Standard stock websites generally pay meager royalty rates. So, instead of opting for them, focus on exclusive sites like Getty Images, Image Professionals, and Shutterstock Offset. But remember, it’s not easy to get accepted by these reputed agencies—your images must be of top-notch quality and have an edge to get into these sites.

Remember the keywords: lifestyle images and storytelling. Premium stock websites look for realistic photos of real people with all their flaws and blemishes. So, always go for unposed shots, and use natural light as much as possible.

2. Pay Attention to Customer Requests

Rather than taking random pictures, uploading them on the stock websites, and waiting for someone to buy them, you can check out the content requests from customers. Almost all the stock websites give a list of their customer requests.

You can utilize this feature and shoot content that has a better chance of selling. It’s also an opportunity to try new techniques and include different photography styles in your repertoire.

3. Find a Niche

Stock websites are full of random landscape pictures and cheeky conceptual images. So, your best bet to succeed in the stock photography game is to find a specialty. Research the type of content that sells on the stock websites. You can even try targeting particular websites like StockFood, Science Photo Library, and so on.

Think of your hobbies and interests, and try to incorporate them into your photography. For example, are you an astronomy enthusiast? Get a camera adapter for your telescope, and you can shoot images of stars and galaxies and sell them.

4. Upload Regularly

Quality matters over quantity, but it’s a good idea to upload pictures in stock photography regularly. Aim for at least a hundred images every couple of months.

While it’s crucial to regularly contribute and keep your portfolio active, pay attention to the quality of your images. Following shortcuts like adding the same image from different angles only to boost your numbers will not help you in the long run.

5. Consistency Is Key

If you consider stock photography your hobby, you won’t go very far. It’s important that you accept stock photography as your full-time work and put in considerable hours every week to make money regularly.

Plan and decide the type of content you want to shoot well in advance. Make arrangements for the necessary backgrounds and props. Also, photos of holidays, festivals, and celebrations tend to sell well, so mark your calendar and spend some extra time capturing seasonal images.

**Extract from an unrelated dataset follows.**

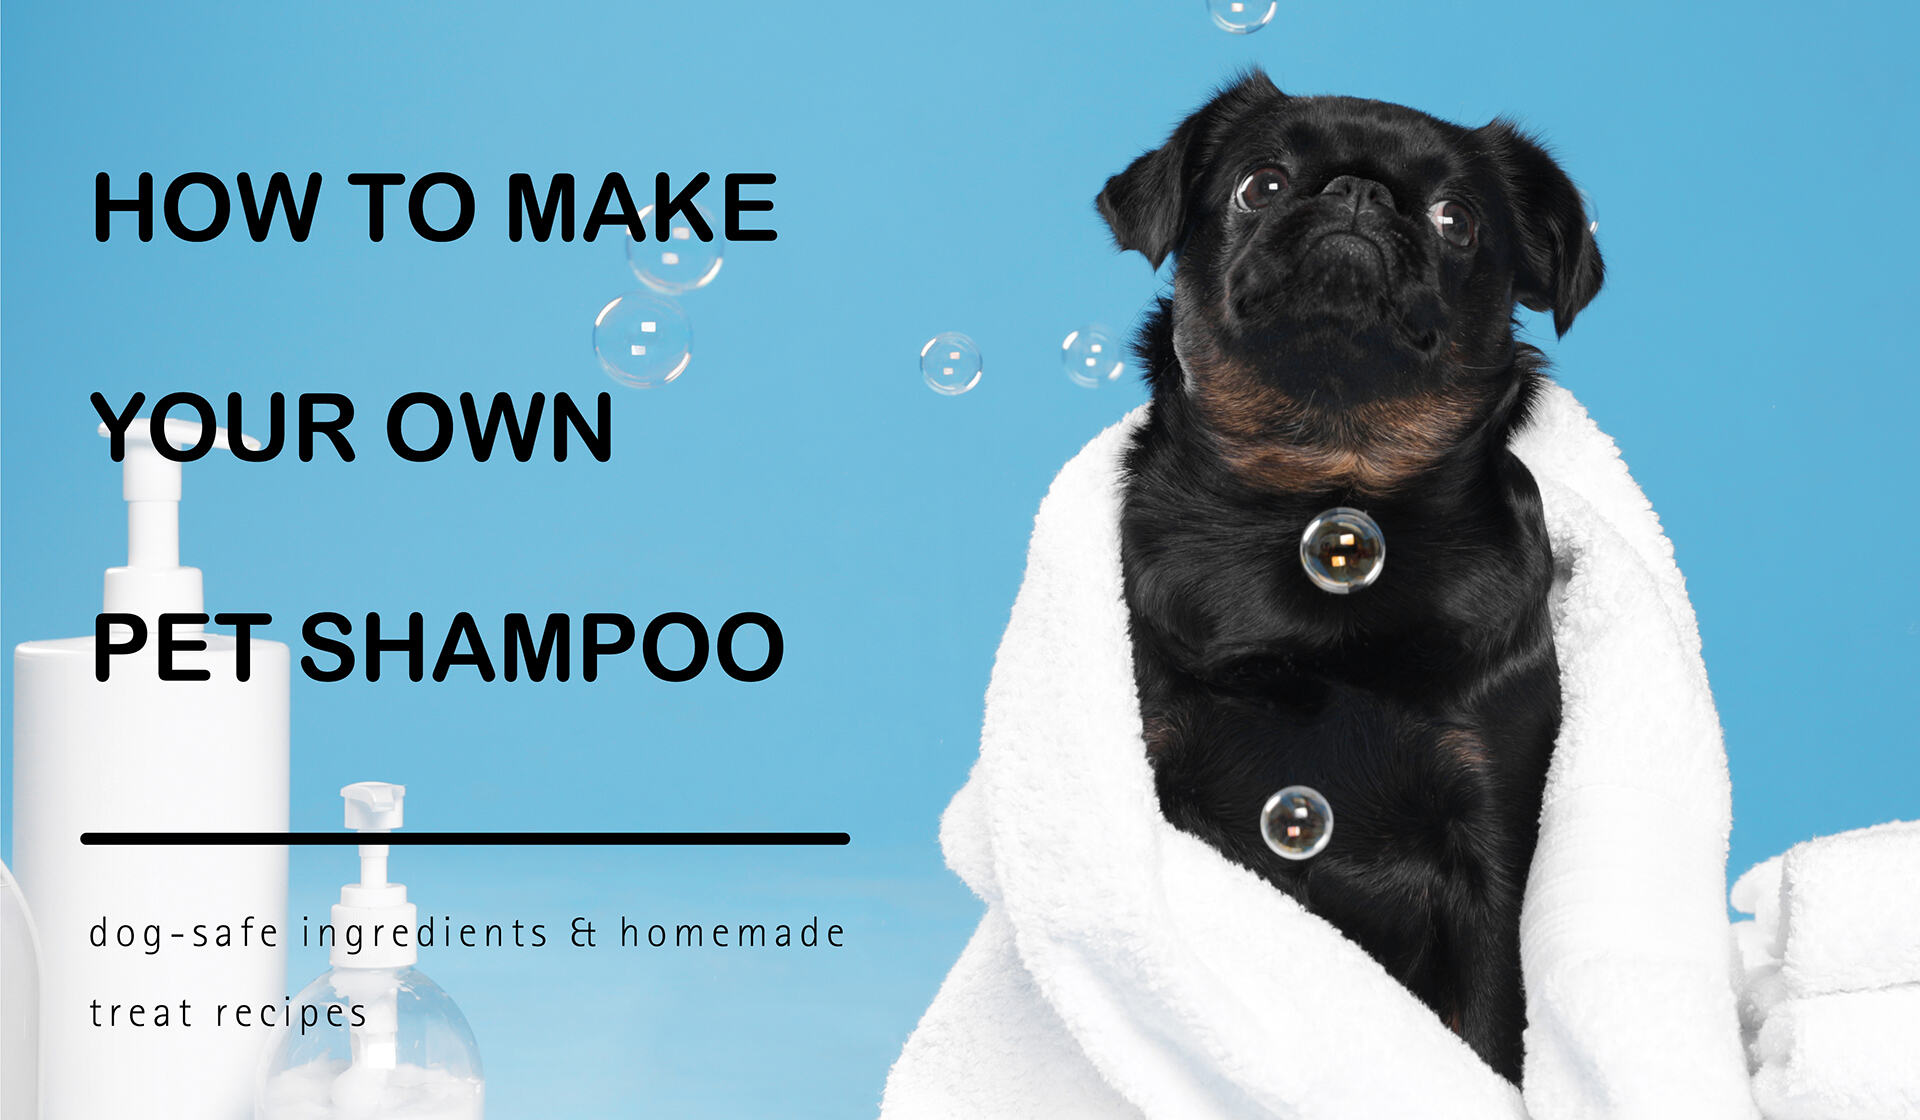 How to Make Homemade Natural Dog Shampoo

Keep track of the happenings in the stock photo industry and learn the current market trends. You should also actively get involved in stock photography forums and get inspiration from other photographers’ works.

7. Enjoy the Process

When you decide to sell your photos on stock websites, you regularly take pictures and hone your photography skills. You will train your eyes to find better compositions, and adjusting your camera settings will become second nature.

You also get to engage with a vibrant community of stock photographers and learn the ropes of the business from them.

Become a Better Stock Photographer

Although stock photography is highly competitive and not very lucrative for photographers, you can still make decent money if you’re hardworking and persistent. Like any other work, you will succeed if you take it seriously and put in genuine effort.